WHAT YOU SHOULD DO:
The line containing "Transitional Dining Room With" and each line after it, through the final line of the data, are to be retyped exactly, with pictures left out.

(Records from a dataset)
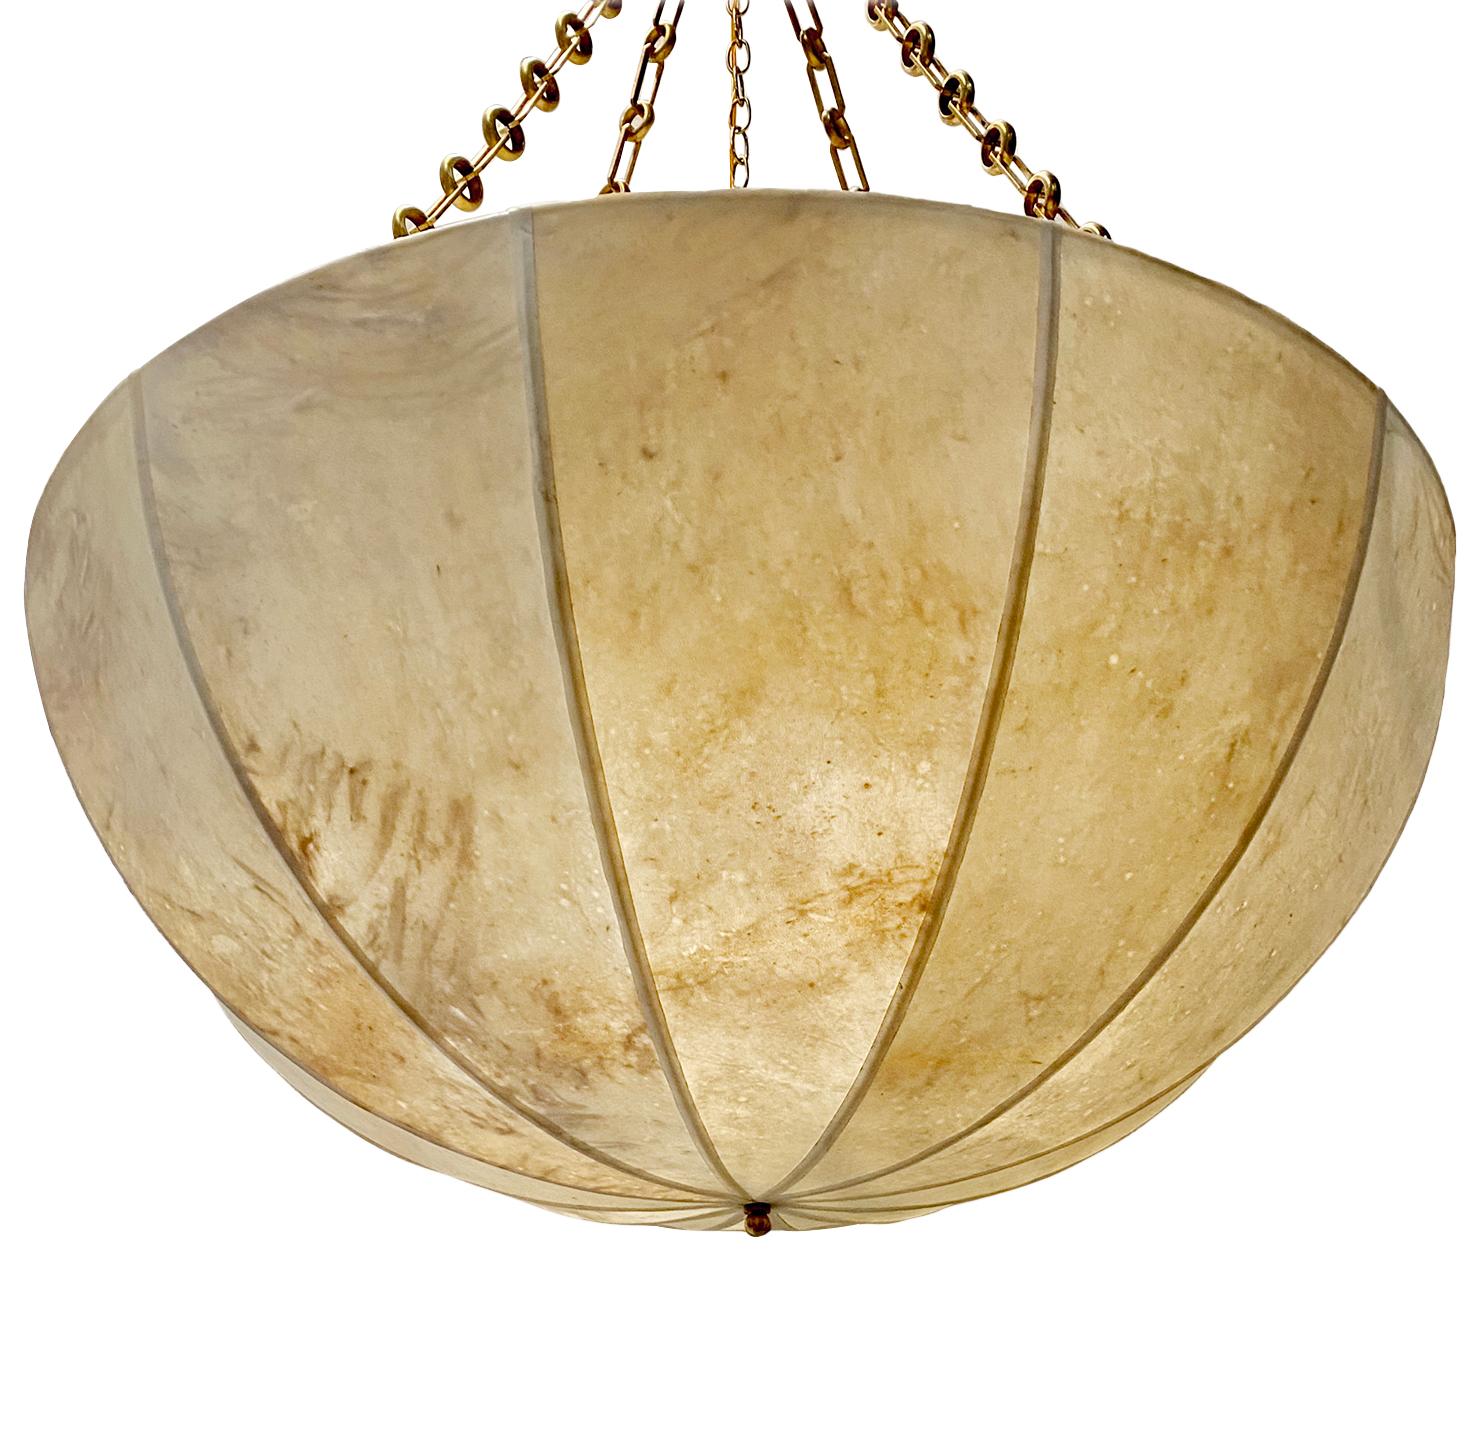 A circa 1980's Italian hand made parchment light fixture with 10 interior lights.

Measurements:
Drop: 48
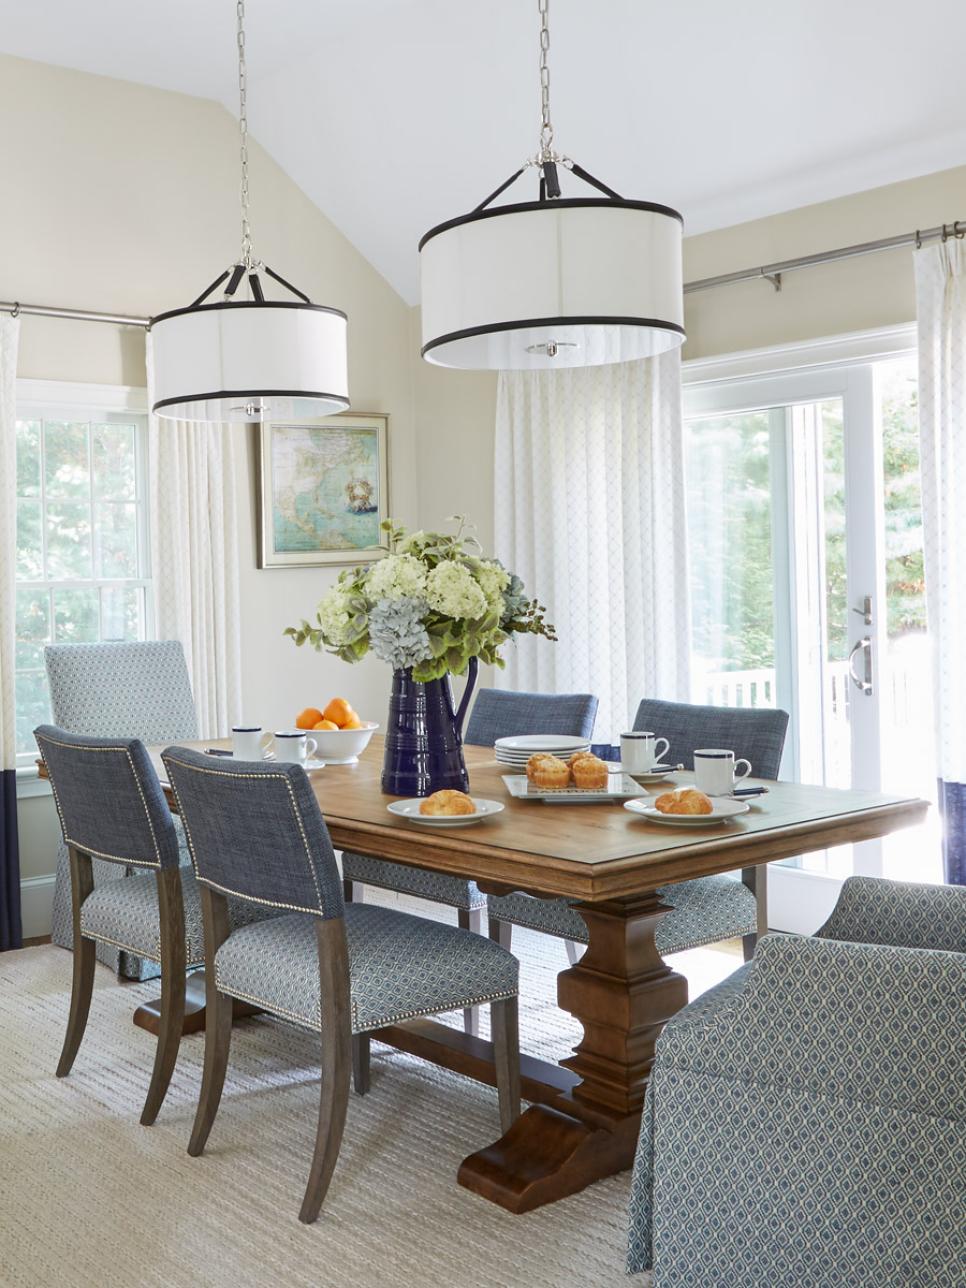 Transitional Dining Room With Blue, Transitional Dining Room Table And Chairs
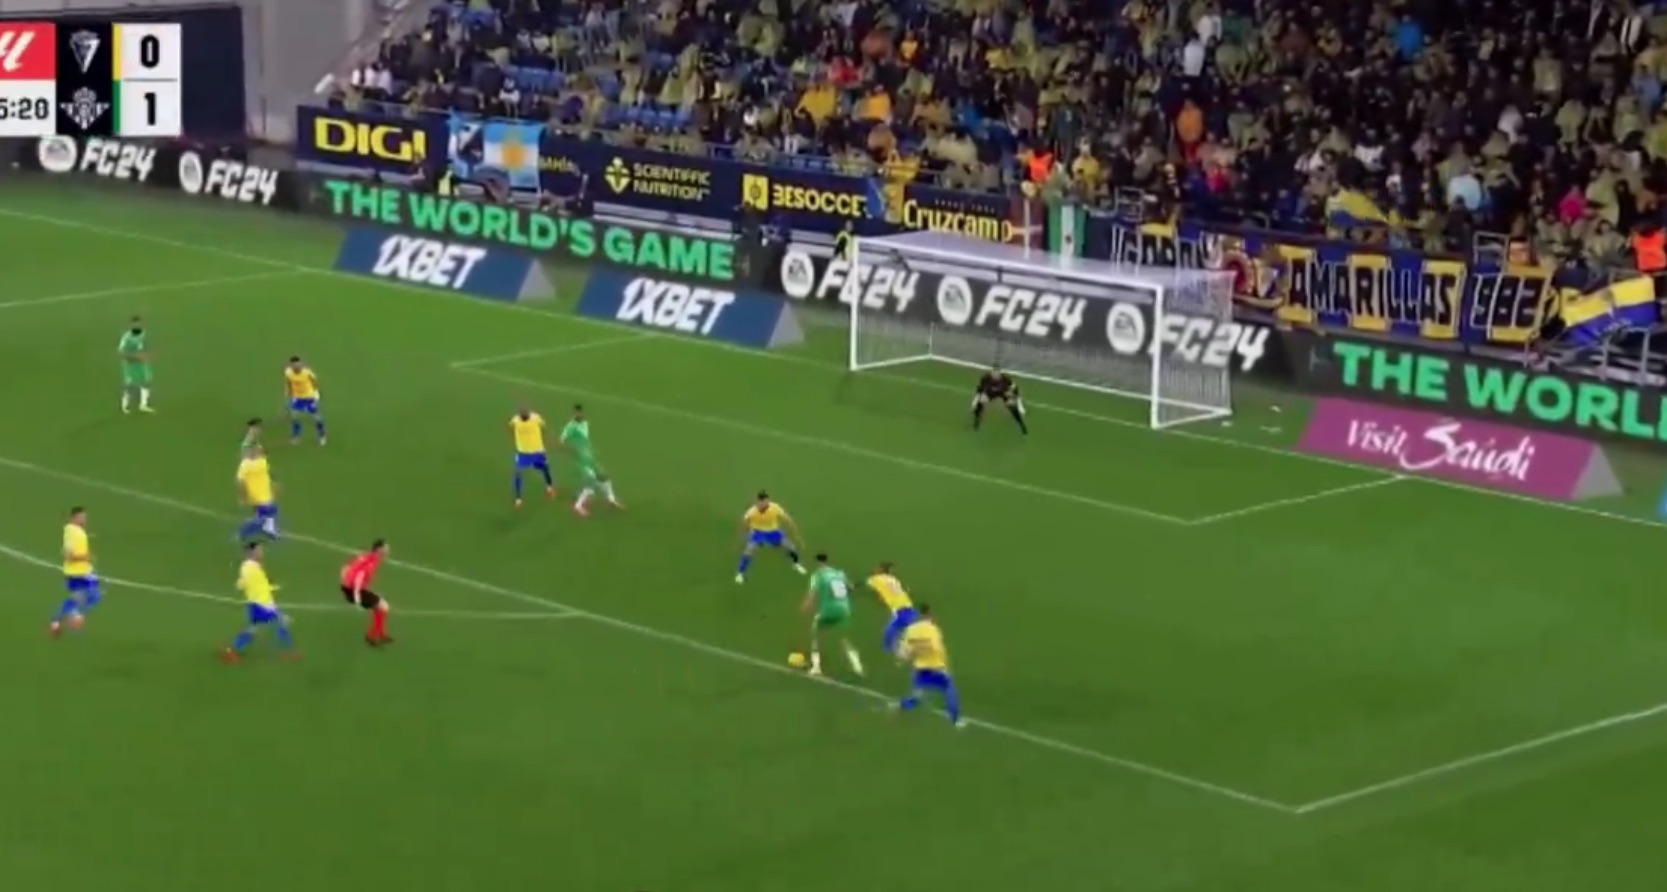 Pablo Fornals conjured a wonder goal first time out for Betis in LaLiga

RESPONSE TO THIS TASK:
 Transitional Dining Room With Blue, Transitional Dining Room Table And Chairs
 Pablo Fornals conjured a wonder goal first time out for Betis in LaLiga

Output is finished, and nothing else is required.